Question: Which version of iPhone is she taking about?
Answer: iPhone 13


### Sentence Clustering

In [16]:
checkpoint = "all-MiniLM-L6-v2"
embedder = SentenceTransformer(checkpoint)

In [47]:
# Corpus with example sentences

sentence_corpus = [
    'The pizza tastes great with extra cheeze today.',
    'Denmark, Sweden, Norway are called nordic countries',
    'The iPhone 12 have amazing new features, will be sold out quickly!',
    'The man is carrying a baby in his arms, he should not go to the woods alone.',
    'I ordered two family pan pizza which extra cheeze for my pizza.',
    'The woods are extremenly scary due to wild animals.',
    'The face unlock feature on my iPhone is simply astonishing.',
    'I tried to warn you not to pass through that scary street with your car.',
    'Maiana offers the best Italian cuisine in town.',
    'Australia is a country which is also a continent',
    'Florida is a state of USA where you can find crocodiles'
]

corpus_embeddings = embedder.encode(sentence_corpus)

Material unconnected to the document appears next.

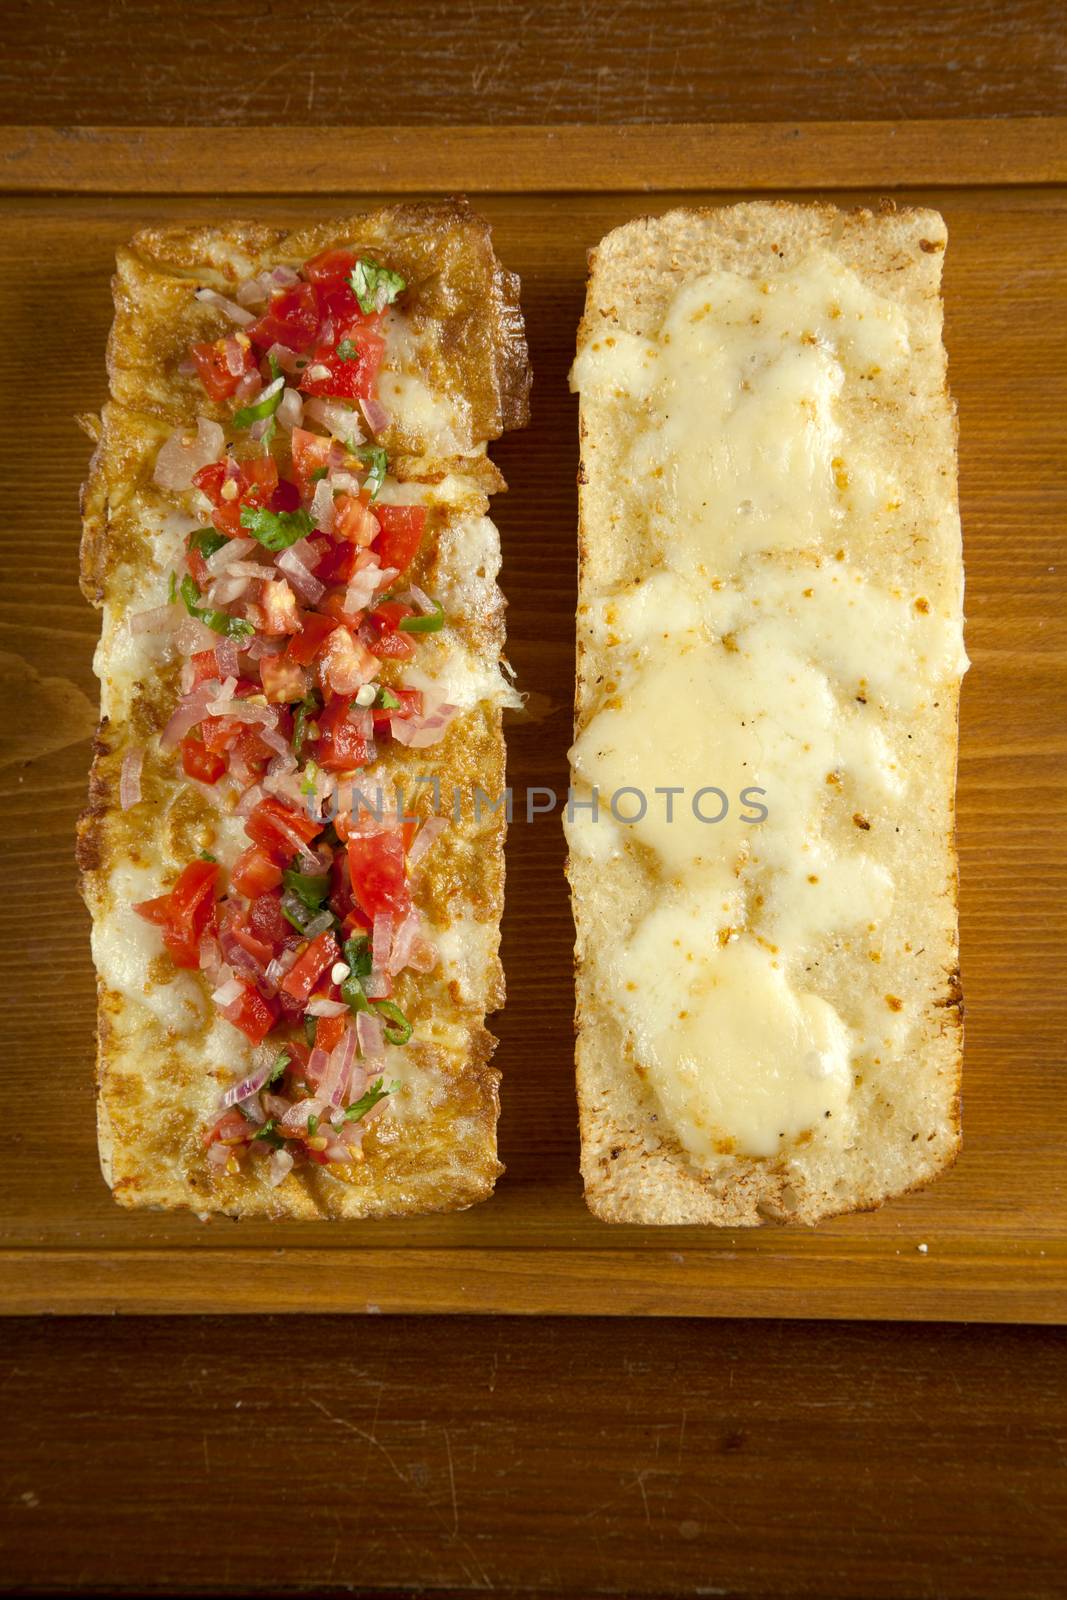 Toasted open faced salsa and egg sandwich with melted mozzarella by haiderazim

# Normalize the embeddings to unit length
corpus_embeddings = corpus_embeddings/np.linalg.norm(corpus_embeddings, axis=1, keepdims=True)

In [51]:
# Let's checkout the first embedding

corpus_embeddings[0]

array([-7.37408251e-02,  3.93676758e-02,  3.42675894e-02,  5.99684827e-02,
       -5.52224405e-02, -4.06604335e-02,  7.64607936e-02,  7.43516758e-02,
        2.81906072e-02, -9.85224321e-02,  6.79197628e-03,  3.00994590e-02,
        2.20176224e-02, -8.34922865e-02,  8.52260590e-02, -1.24110907e-01,
        1.37485564e-01, -7.51159638e-02, -3.83998305e-02, -5.66198342e-02,
       -6.11542724e-02, -1.06979415e-01,  6.66869655e-02,  2.34215446e-02,
       -6.28352538e-02,  4.09877636e-02,  3.28017287e-02, -8.71219765e-03,
       -4.48306836e-02, -4.93518375e-02, -7.37910066e-03,  8.48614052e-02,
       -1.68028788e-03, -5.23484163e-02,  1.56562738e-02, -5.22746556e-02,
        2.79843882e-02, -6.77175820e-02,  4.12989594e-02,  4.27923836e-02,
        5.50004281e-02,  1.61397196e-02,  3.55118774e-02, -2.60924213e-02,
       -7.62159899e-02, -1.32712824e-02, -1.12092597e-02, -2.54522916e-02,
        5.21579199e-02,  2.27567833e-02,  1.53705720e-02,  2.50659906e-03,
       -2.62966119e-02, -

In [49]:
# Clustering now

cluster_model = KMeans(n_clusters=4, n_init='auto')
cluster_model.fit(corpus_embeddings)
clusters = cluster_model.labels_
list(clusters)

[1, 3, 2, 0, 1, 0, 2, 0, 1, 3, 3]

In [50]:
# Let's see the sentences in each cluster

clustered_sentences = {}
for sentence, cluster in enumerate(clusters):
    if cluster not in clustered_sentences:
        clustered_sentences[cluster] = []

    clustered_sentences[cluster].append(sentence_corpus[sentence])

for cluster, sentences in clustered_sentences.items():
    print("\nCluster:", cluster)
    for sentence in sentences:
        print(sentence)


Cluster: 1
The pizza tastes great with extra cheeze today.
I ordered two family pan pizza which extra cheeze for my pizza.
Maiana offers the best Italian cuisine in town.

Cluster: 3
Denmark, Sweden, Norway are called nordic countries
Australia is a country which is also a continent
Florida is a state of USA where you can find crocodiles

Cluster: 2
The iPhone 12 have amazing new features, will be sold out quickly!
The face unlock feature on my iPhone is simply astonishing.

Cluster: 0
The man is carrying a baby in his arms, he should not go to the woods alone.
The woods are extremenly scary due to wild animals.
I tried to warn you not to pass through that scary street with your car.